Problem: Hydraulic Grade Line and Energy Grade Line

Water flows from a large reservoir through a 150 mm horizontal pipe into the open atmosphere. The reservoir surface is 12 m above the pipe centerline. The pipe is 200 m long with f = 0.020. Neglect minor losses. Find: (a) the velocity in the pipe, (b) the pressure at the pipe midpoint, and (c) sketch the HGL and EGL from reservoir to discharge.
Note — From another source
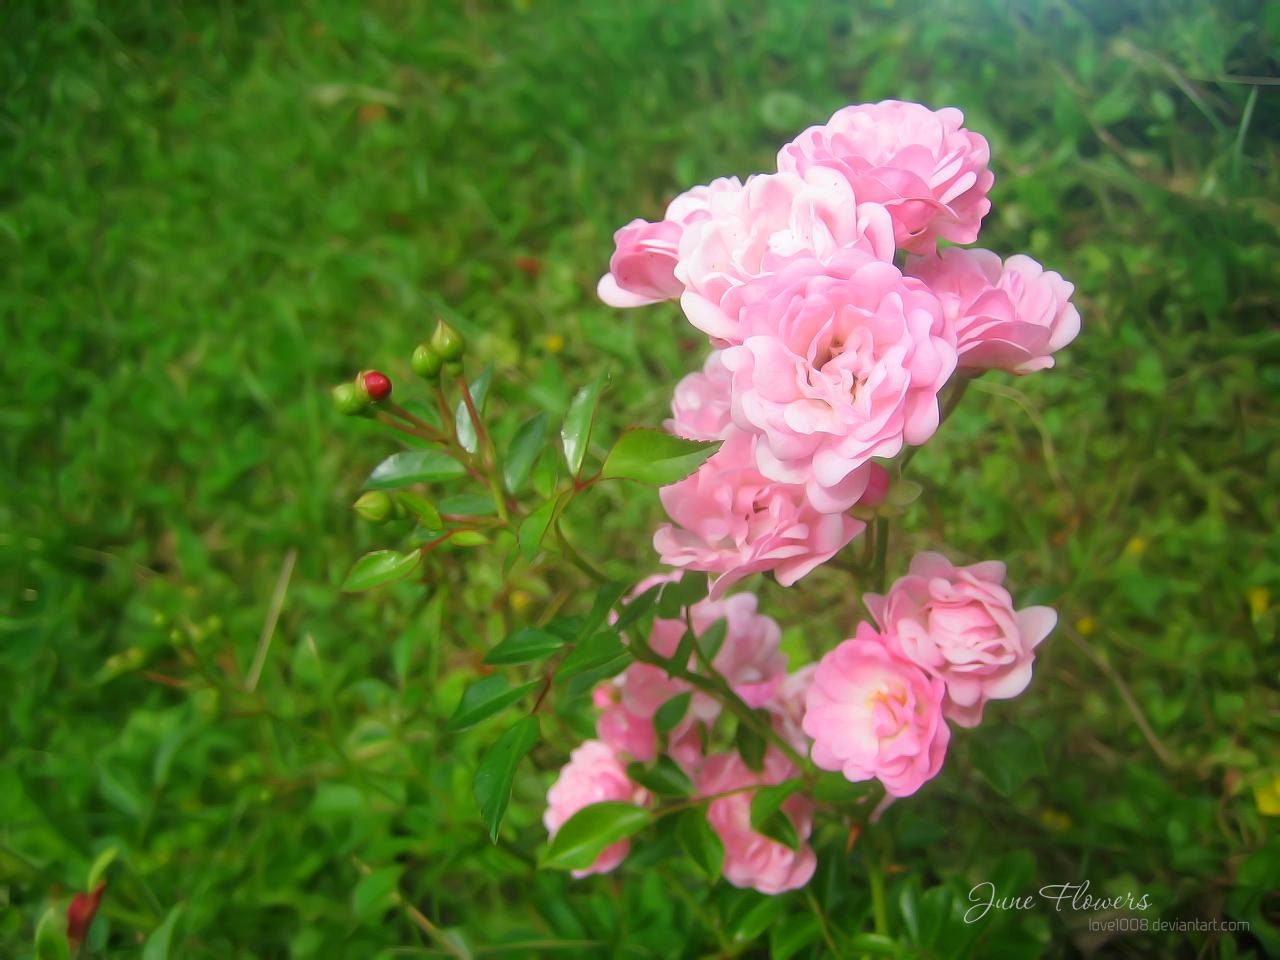 June Flowers 16 by love1008 on deviantART
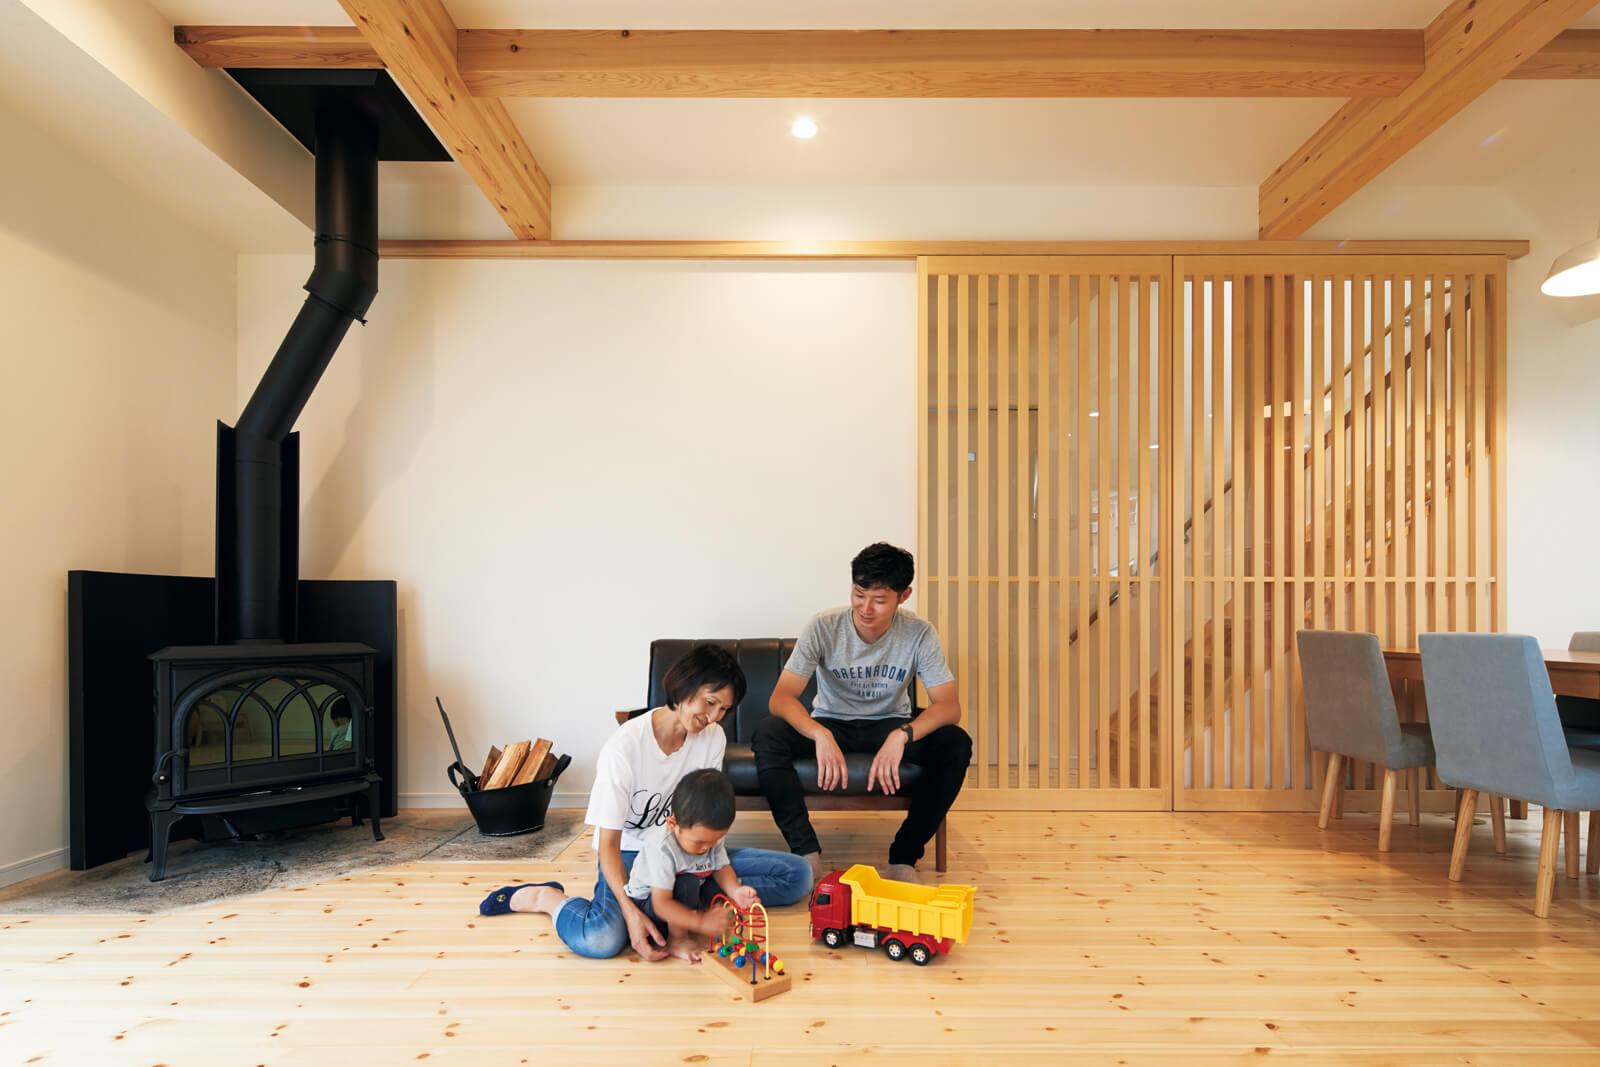 1階リビングは、天井の飾り梁と階段横の建具によってナチュラルな雰囲気と明るさが一際感じられる。木の風合いと薪ストーブが、家族の和やかな団らんを包み込む

Apply Bernoulli from reservoir surface (1) to pipe exit (2, gage = 0, z = 0):

$$12 + 0 + 0 = 0 + \frac{V^2}{2g} + 0 + h_f$$ $$h_f = f\frac{L}{D}\frac{V^2}{2g} = 0.020\frac{200}{0.150}\frac{V^2}{2g} = 26.67\frac{V^2}{2g}$$ $$12 = \frac{V^2}{2g}(1 + 26.67) = 27.67\frac{V^2}{2g}$$ $$\frac{V^2}{2g} = \frac{12}{27.67} = 0.4337 \text{ m} \Rightarrow V = 2.92 \text{ m/s}$$

Pressure at midpoint (100 m from inlet, friction loss = half total):

$$h_{f,half} = \frac{h_f}{2} = \frac{26.67(0.4337)}{2} = 5.783 \text{ m}$$ $$\frac{p_{mid}}{9.81} + 0.4337 = 12 - 5.783$$ $$p_{mid} = 9.81(12 - 5.783 - 0.4337) = 9.81(5.783) = 56.73 \text{ kPa}$$

Answer: V = 2.92 m/s. Midpoint pressure = 56.73 kPa gage. EGL drops linearly from 12 m to 0.43 m at exit; HGL is 0.43 m below EGL everywhere (the velocity head is constant throughout the constant-diameter pipe).